Your Health:
Yoga Helps Menopause Transition
Researchers at the Swami Vivekananda Samsthana in Bangalore, India, found regular yoga sessions reduced hot flashes and night sweats in menopausal women. The study involved 120 women between the ages of 40 and 55 performing yoga routines five days a week for eight weeks. The women also listened to lectures on the benefits of yoga. The control group, which did only some stretching and strengthening exercises and received standard information lectures on menopause, reported a slight reduction in menopausal symptoms and some increased mental acuity. The yoga group also showed great increases in their concentration and mental alertness. (Body + Soul:November-December 2008)
Acupuncture for Hot Flashes
Acupuncture has proven itself to be the equal of prescription drug venlafaxine when it comes to controlling hot flashes in breast cancer patients. A test conducted at the Henry Ford Hospital in Detroit, Michigan, studied 47 patients over three months to compare the efficacy of acupuncture against the drug, an antidepressant that is marked under the name Effexor. Half the patients were given regular acupuncture sessions during the 12 week study, while the control group only received the drug. Both groups reported the same decrease in hot flashes, but the drug group experienced some adverse side effects. The acupuncture-only group meanwhile reported enhanced sex drive and longer-lasting relief from their symptoms. (Body + Soul:November-December 2008)
Use Your Hands
We're a nation of depressives. According to Randolph-Macon College behavioral neuroscientist Kelly Lambert, author of Lifting Depression (2008), we're ten times more likely than our grandparents to suffer from the blues. The clinical blues, that is – not the my-girlfriend-dumped-me sort.
Why? We've abandoned physical interactions with our environment. “A lot of our mental illnesses are about the perception that we have no control,” says Lambert. She proposes that, thanks to our affinity for computers and drive-throughs, we don’t engage the brain’s “effort-driven rewards circuit” enough. Our ancestors made plans – “build shelter; plant potato; kill elk” – and executed them with well-evolved hands. It’s called controlling your environment. When we do this, our brains reward us with dopamine.
But these days we've stopped using our hands for much beyond pushing buttons. So curing your mood may mean putting down your BlackBerry and pulling on some work gloves. A few suggestions: Grow a tomato plant. Be your own bike mechanic. Catch a fish. Clean it and eat it. Learn guitar. Call next in pickup basketball. Just don’t lose – if you don’t execute your plan correctly, well, you don’t get the dopamine.
-->Outside Magazine, January 2009
Rumination
You are what you think, not what you eat-- and to a large extent what you think about what you eat is far more important. What you think about your body, health, and illness will determine how your food is used, and how your chemistry handles fats, for instance, or carbohydrates. The best diet in the world, by anyone's standards, will not keep you healthy if you have a belief in illness.

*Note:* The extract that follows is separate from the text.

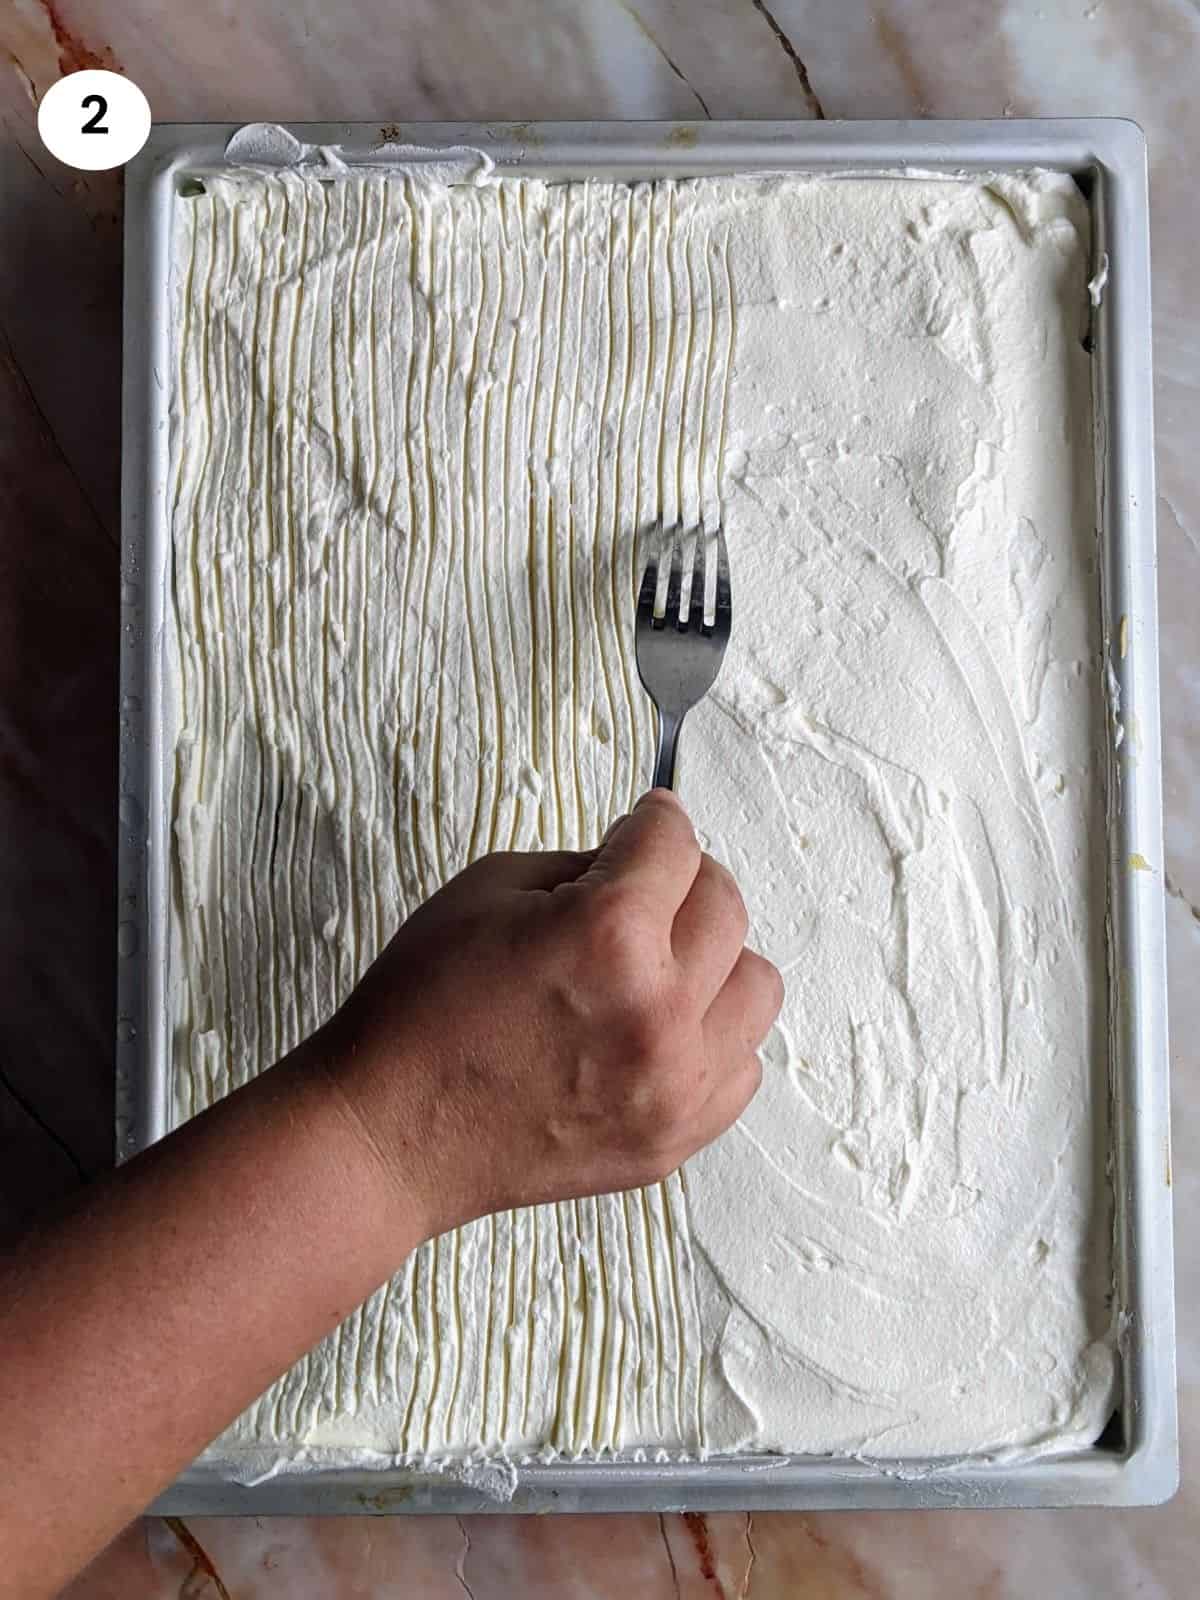 Scoring the whipped cream layer with a fork.
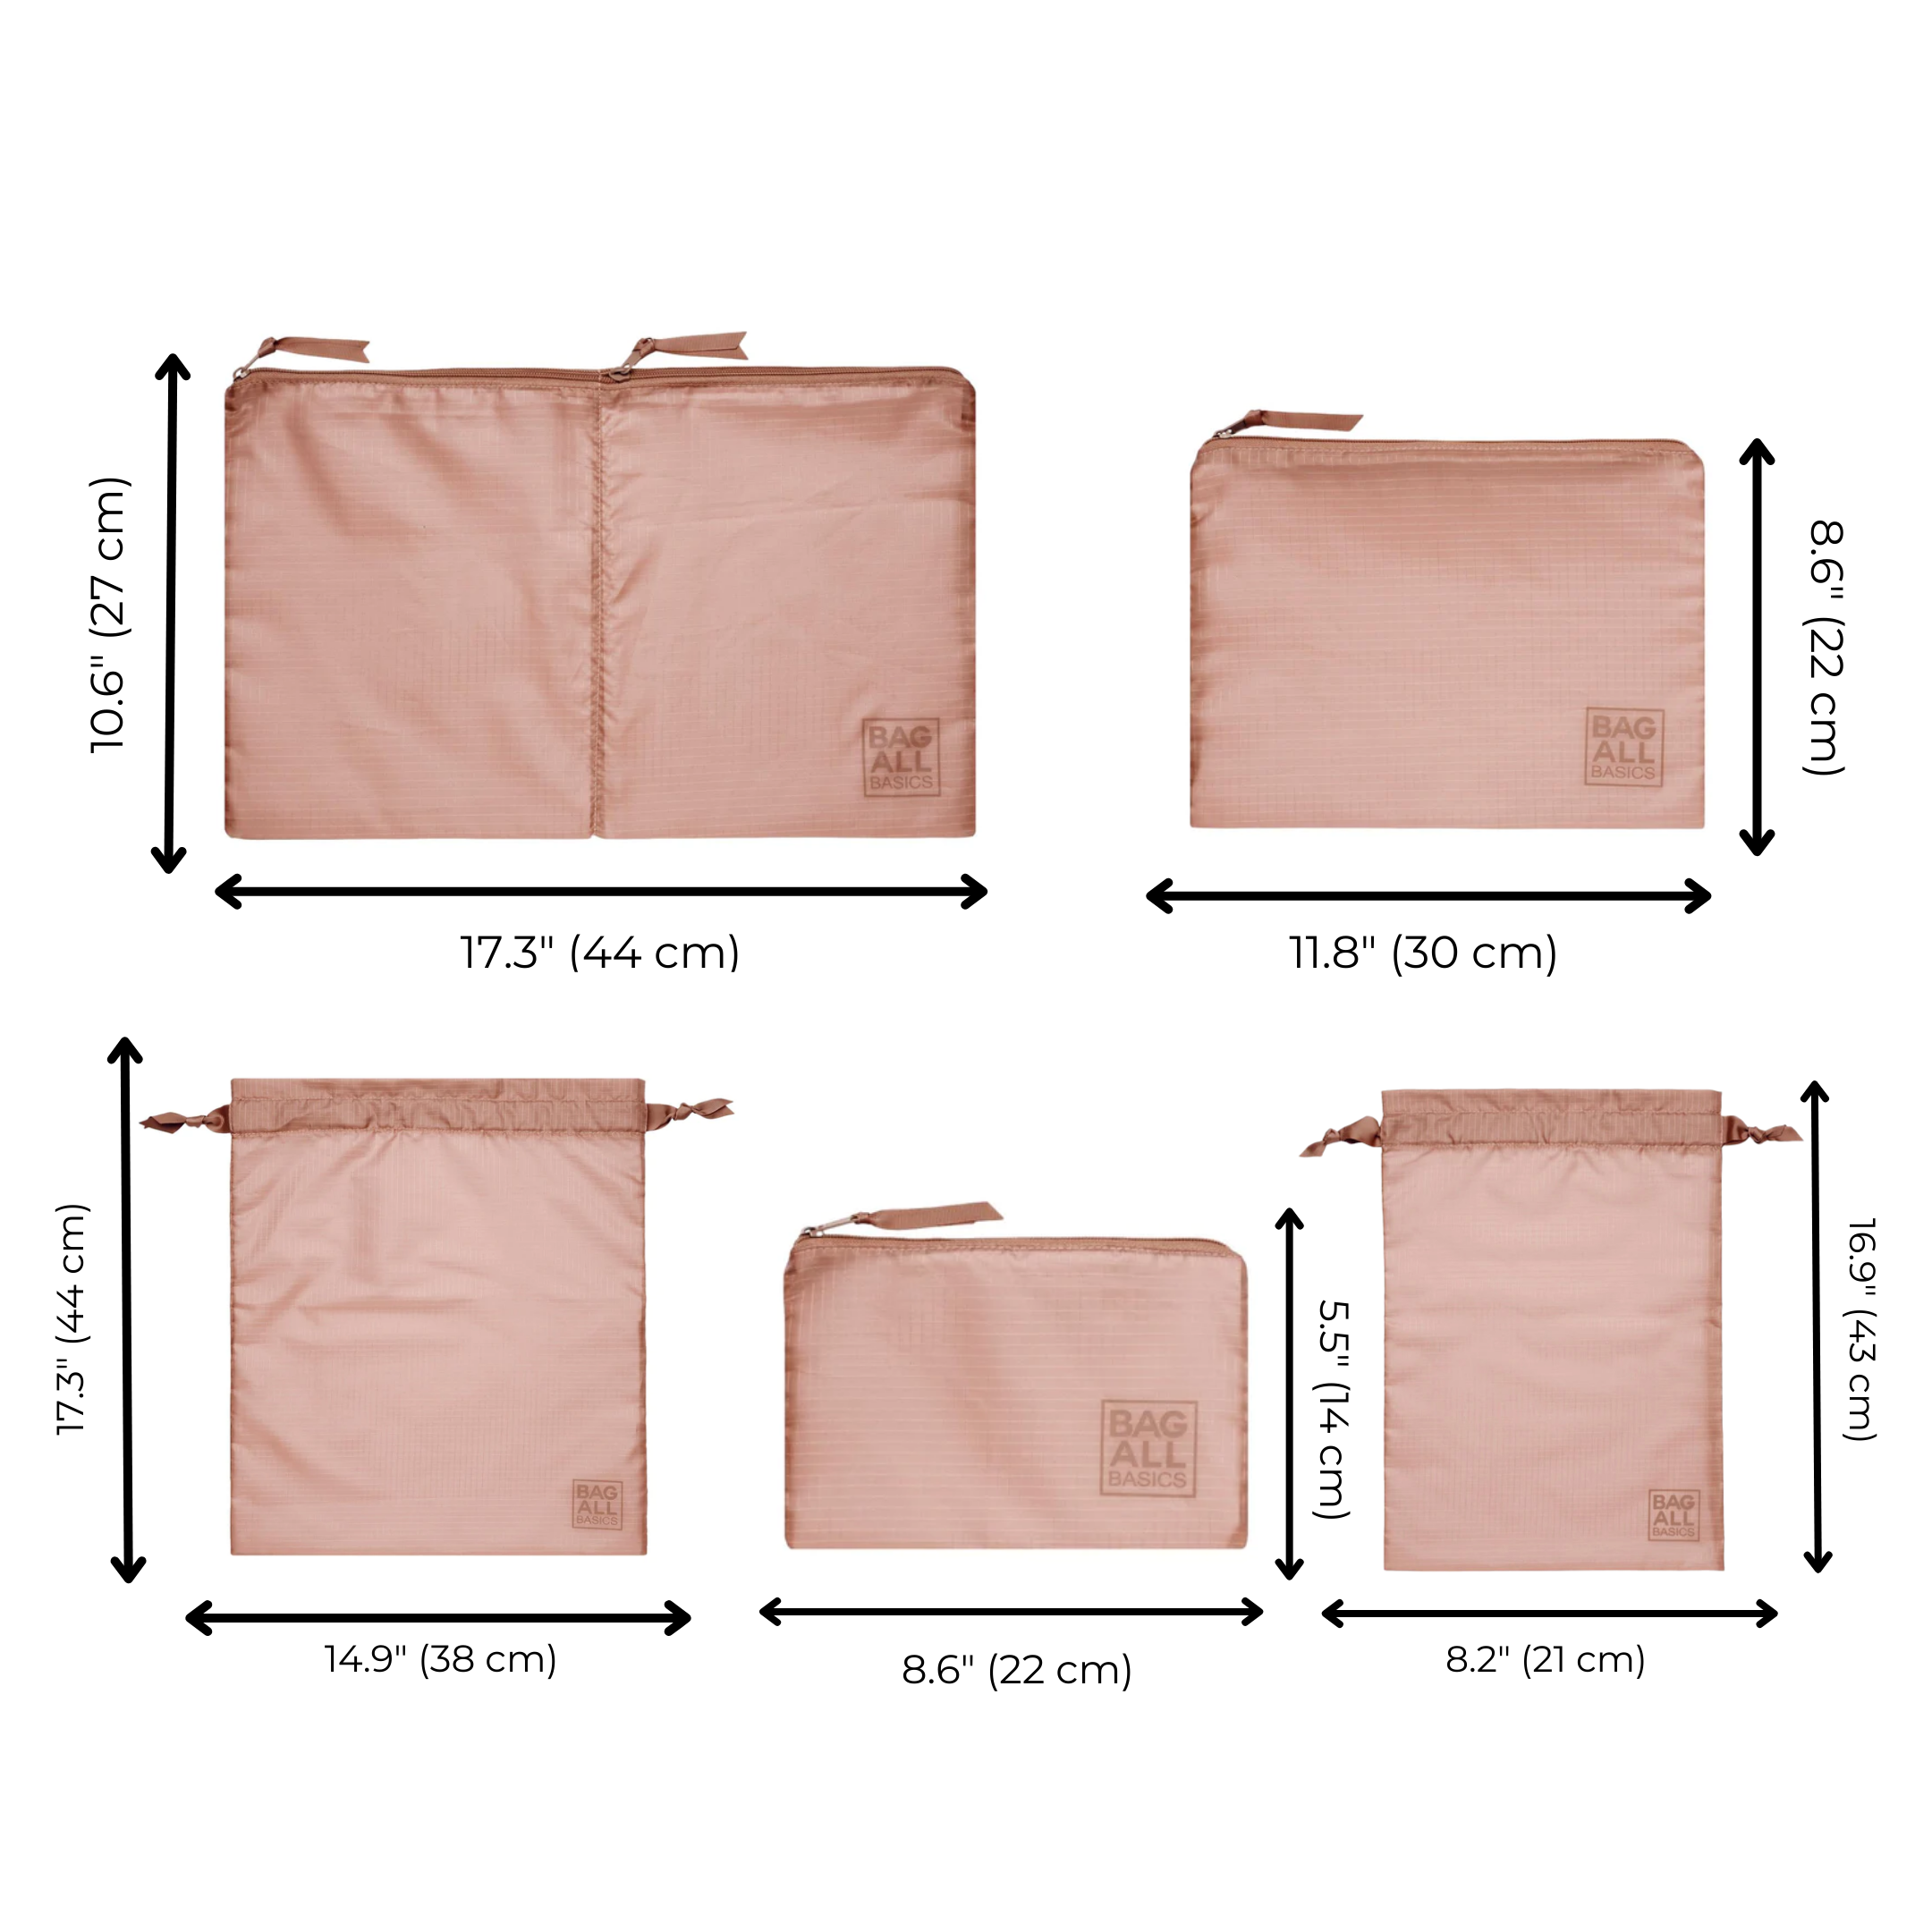 Packing Bags Set in Recycled Nylon, 5-pack, Pink/Blush | Bag-all

-- The Nature of Personal Reality, Jane Roberts, Prentice-Hall 1974
Fear: A parable that teaches a new lesson every time you read it! I hope you can find a bit of wisdom for your Self in the story...Tenaya
In India, the spirit of the Plague passed an old man sitting under a tree.
Old Man: Where are you going?
Spirit: To Benares to kill 100 people.
Later, the old man had heard that in Benares ten thousand had died.
Then the Spirit of the Plague had passed again on it's return journey.
Old Man: You lied! You said you would kill 100 people.
Spirit: I killed 100, fear killed the rest.